Reputation: 601
I want to create a MySQL table to hold relationship data between users. The relationship between user A to B and user B to A can be different.
Example:
My question:
I have implemented two CONSTRAINTS as UNIQUE KEYs on two FOREIGN KEYS that reference user_ids in a users table. Can I do this? Are they treated as two separate UNIQUE KEYs?
How can I implement a CONSTRAINT that will only allow one occurrence of each (from) UserA (to) UserB relationship and (from) UserB (to) UserA relationship per user_id? Am I going about it the right way?
The SQL:
CREATE TABLE relationships (
relationship_id MEDIUMINT UNSIGNED NOT NULL AUTO_INCREMENT,
from_user_id MEDIUMINT UNSIGNED NOT NULL,
to_user_id MEDIUMINT UNSIGNED NOT NULL,
relationship_level DECIMAL(1,1) NOT NULL,
PRIMARY KEY (relationship_id),
FOREIGN KEY (from_user_id) REFERENCES users (user_id)
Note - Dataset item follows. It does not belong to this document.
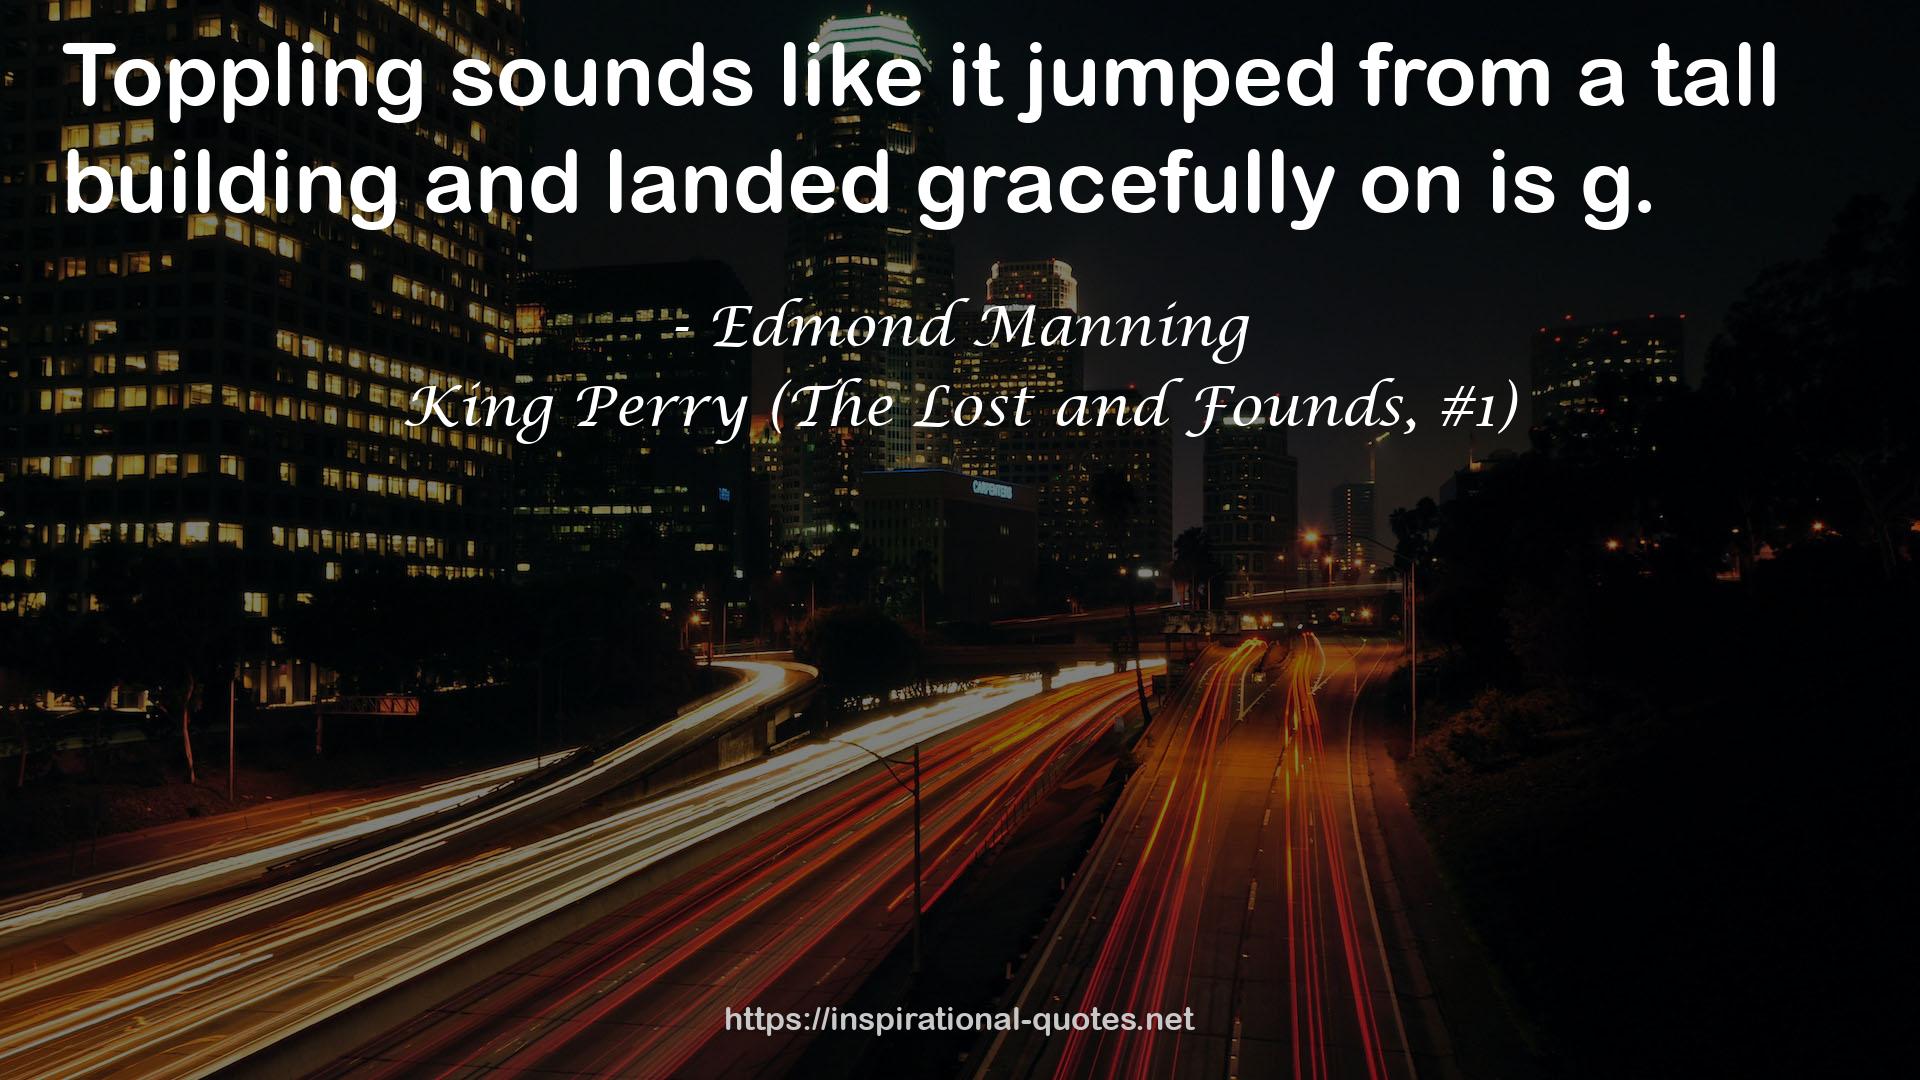 King Perry (The Lost and Founds, #1) QUOTES

ON DELETE CASCADE ON UPDATE NO ACTION,
FOREIGN KEY (to_user_id) REFERENCES users (user_id)
ON DELETE CASCADE ON UPDATE NO ACTION,
CONSTRAINT from_to_relationship UNIQUE KEY (from_user_id, to_user_id),
CONSTRAINT to_from_relationship UNIQUE KEY (to_user_id, from_user_id),
INDEX relationship_from_to (relationship_id, from_user_id, to_user_id, relationship_level),
INDEX relationship_to_from (relationship_id, to_user_id, from_user_id, relationship_level)
) ENGINE=INNODB;
I hope someone can assist.
Upvotes: 3
Views: 1496
Reputation: 52107
Keep only one of these UNIQUE
constraints - there is no need to have both. When a row fails UNIQUE KEY (from_user_id, to_user_id)
it also fails UNIQUE KEY (to_user_id, from_user_id)
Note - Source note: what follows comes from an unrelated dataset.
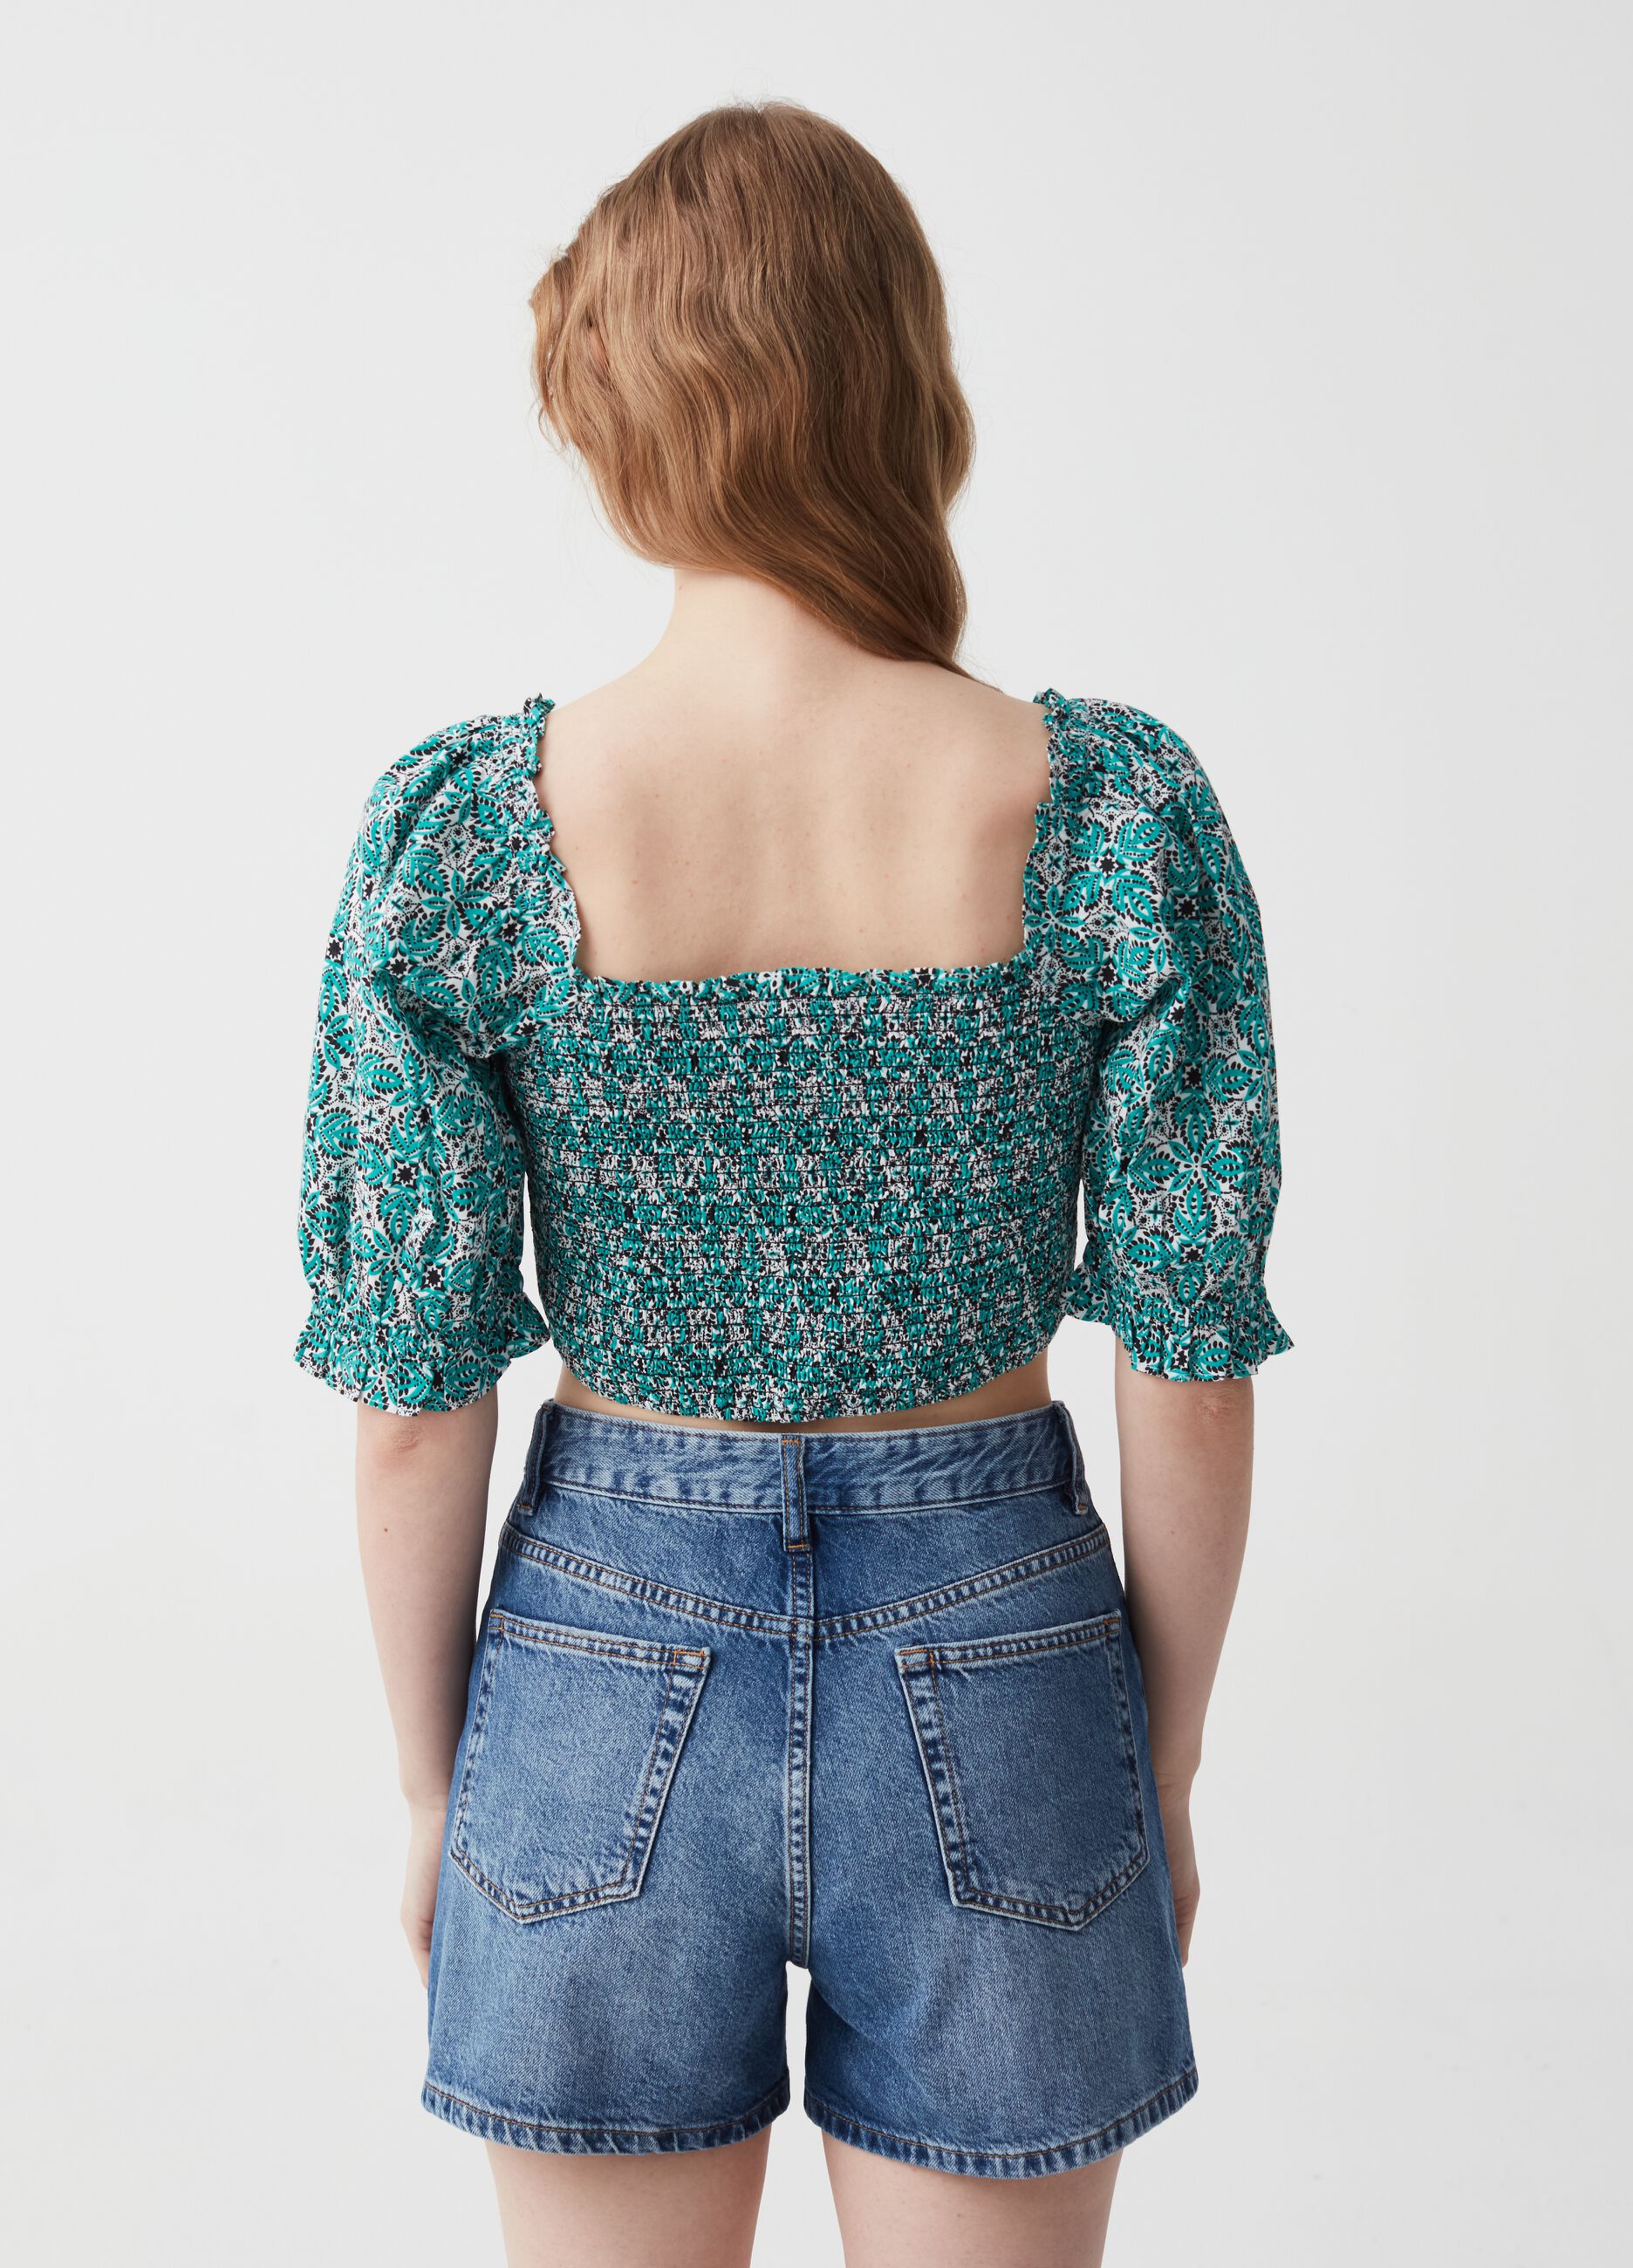 Crop top with smock stitch and paisley print

and vice versa, so they are logically equivalent. Even with only one UNIQUE
constraint, when trying to represent a relationship between Alice and Bob, you can have at most one {Alice, Bob} row, and at most one {Bob, Alice} row.
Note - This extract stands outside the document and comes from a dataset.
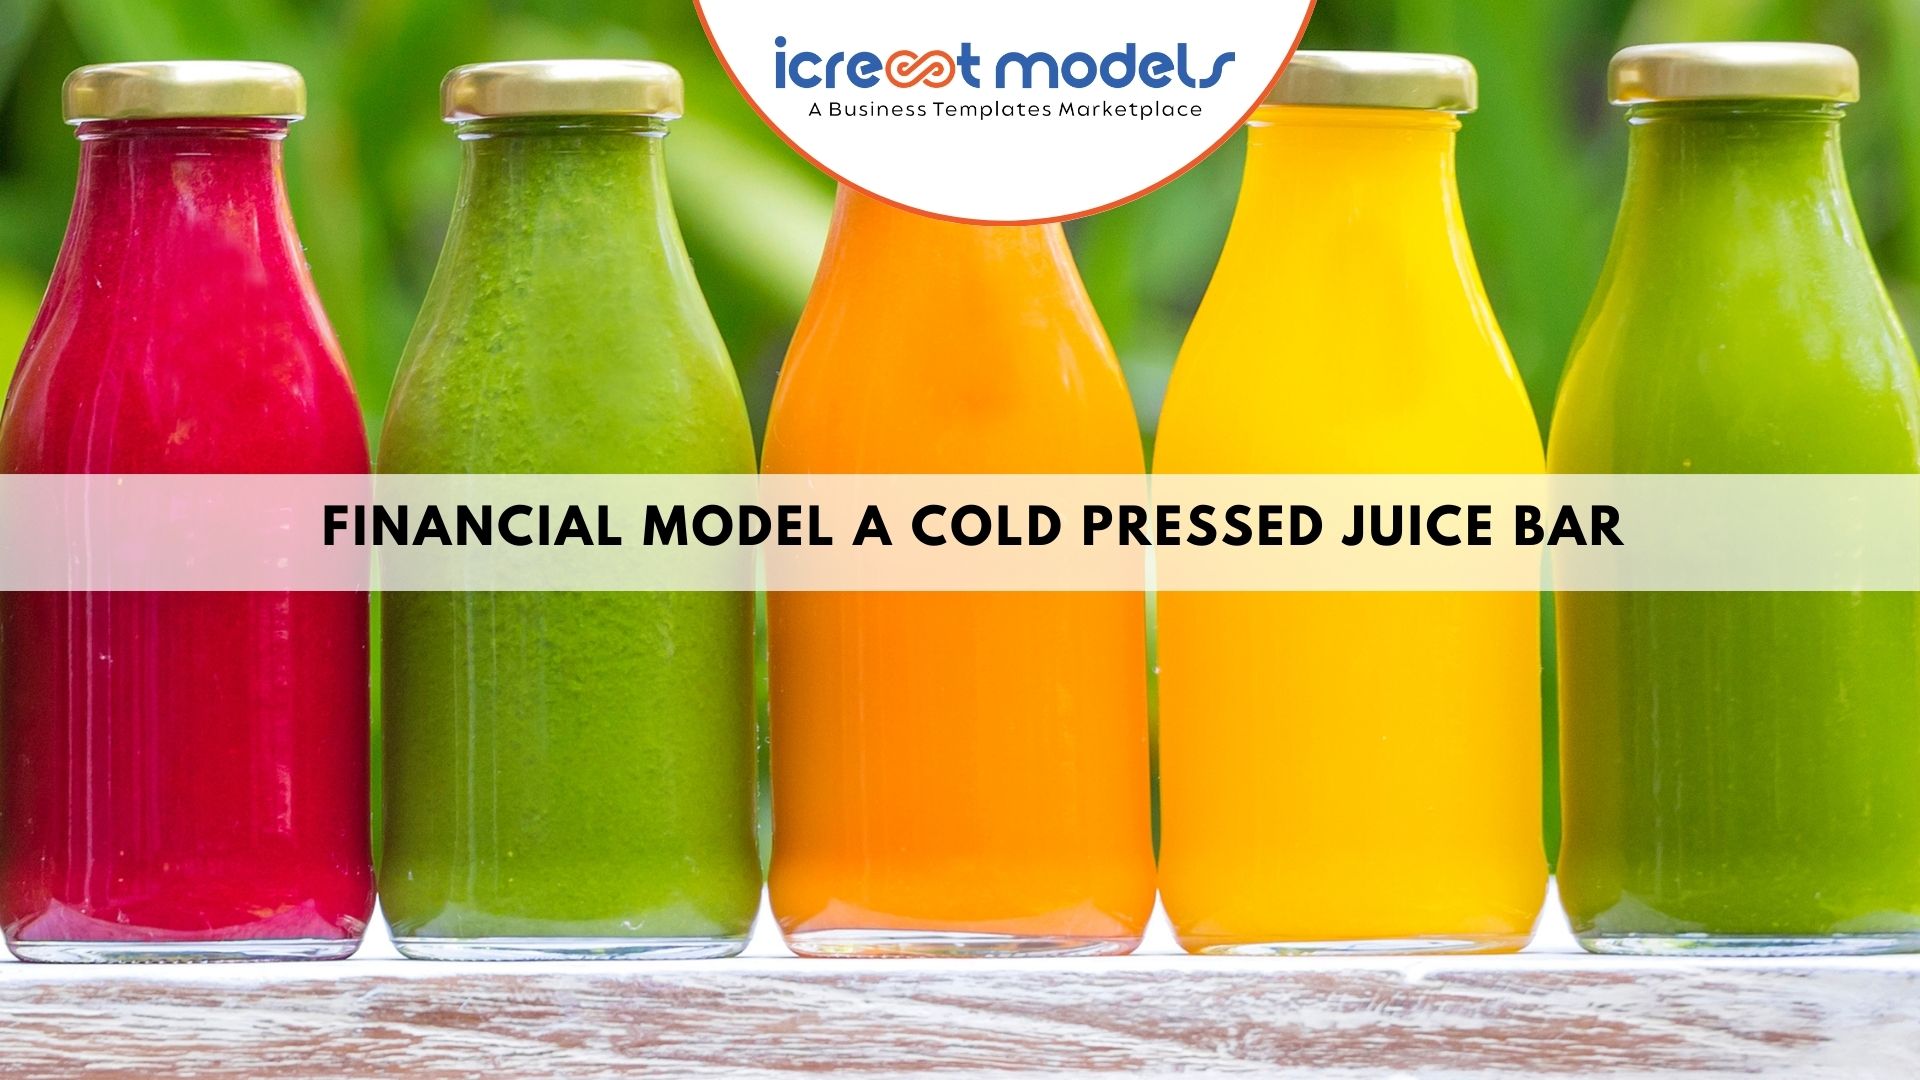 Financial Model a Cold Pressed Juice Bar

As for performance (i.e. traversing the relationship in both directions), you might want to consider indexing {from_user_id, to_user_id}
(for "forward" traversal) and/or {to_user_id, from_user_id}
(for "backward" traversal). You might even ditch the surrogate primary key (relationship_id
) and go for the natural PK, thus lowering the need for indexing (secondary indexes are expensive for clustered tables, see Understanding InnoDB clustered indexes, section "Disadvantages of clustering").
In my opinion, your table should look like this:
CREATE TABLE relationships (
from_user_id MEDIUMINT UNSIGNED NOT NULL,
to_user_id MEDIUMINT UNSIGNED NOT NULL,
relationship_level DECIMAL(1,1) NOT NULL,
PRIMARY KEY (from_user_id, to_user_id), -- InnoDB is clustered, so naturally "covers" relationship_level as well.
FOREIGN KEY (from_user_id) REFERENCES users (user_id) ON DELETE CASCADE ON UPDATE NO ACTION,
FOREIGN KEY (to_user_id) REFERENCES users (user_id) ON DELETE CASCADE ON UPDATE NO ACTION,
INDEX relationship_to_from (to_user_id, from_user_id, relationship_level) -- Including relationship_level may or may not be a good idea.
) ENGINE=INNODB;
NOTE: Whether you include relationship_level
in INDEX or not depends on whether you want index-only scan in "backward" direction as well. The "forward" direction is naturally covered by the PK (since InnoDB is clustered).